By applying the nonequilibrium Green function method, we have theoretically investigated the quantum transport properties of armchair and zigzag graphene nanoribbons (GNRs), with defects (vacancies) appearing at the edges or in the inner part. Effects of the defects on the electronic conductance and local density of states are comprehensively studied. It is found that both edge and inner defects reduce the electronic conductance in general, while in detail they have different effects on the transport properties for different combinations of defect location and GNR edge type. Under the same theoretical framework, we have also studied the effects of dephasing scattering processes in the GNRs, employing two specific choices of self-energy that provide momentum-conserving or momentum-relaxing dephasing processes. The momentum-relaxing dephasing processes not only relax momentum but also add an additional resistance to the channel, while the momentum- conserving dephasing processes only break the phase and have much less effect on the resistance. It is found that the transport properties of metallic zigzag GNRs are much more strongly modified by the dephasing scattering processes than are those of semiconducting armchair GNRs.
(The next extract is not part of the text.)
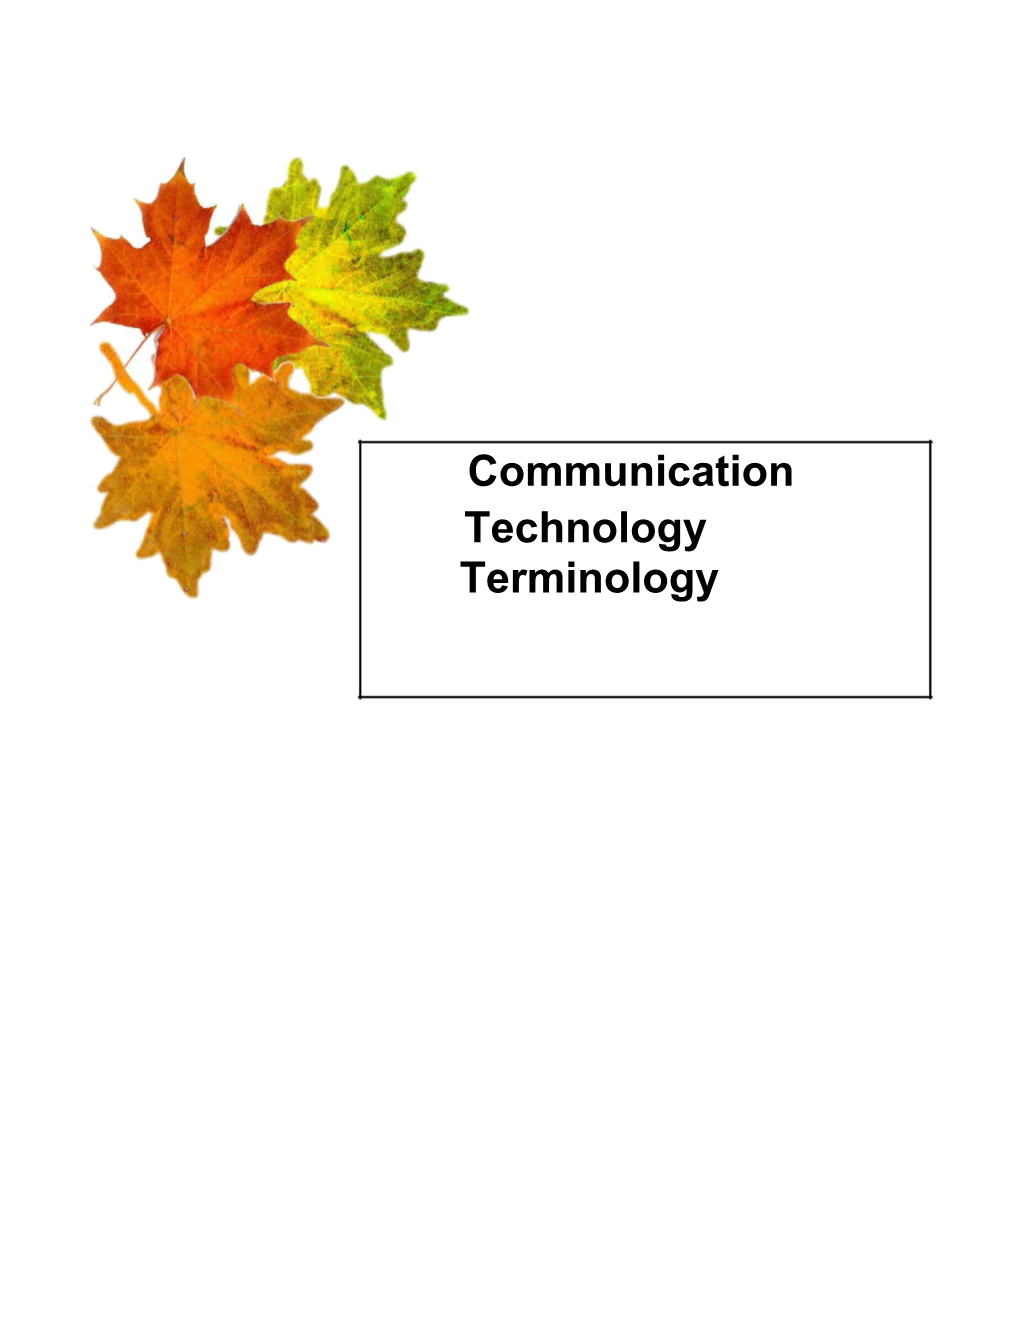 Basic Information Technology Terminology Part 1 6

通过应用非平衡格林函数方法，我们从理论上研究了扶手椅形和曲折形石墨烯纳米带（GNR）的量子传输性质，在边缘或内部出现了缺陷（空位）。全面研究了缺陷对电子电导率和态局部密度的影响。发现边缘缺陷和内部缺陷通常都会降低电子电导率，而对于缺陷位置和GNR边缘类型的不同组合，它们对传输特性的影响不同。在相同的理论框架下，我们还研究了GNR中相移过程的影响，采用两种特定的自能选择，它们提供了动量守恒或动量松弛相移过程。减小动量的移相过程不仅使动量松弛，还给通道增加了额外的阻力，而保持动量的相移过程仅破坏了相位并且对阻力的影响小得多。已发现，金属之字形GNR的传输特性比相变扶手椅GNR的迁移特性受到相移散射过程的影响更大。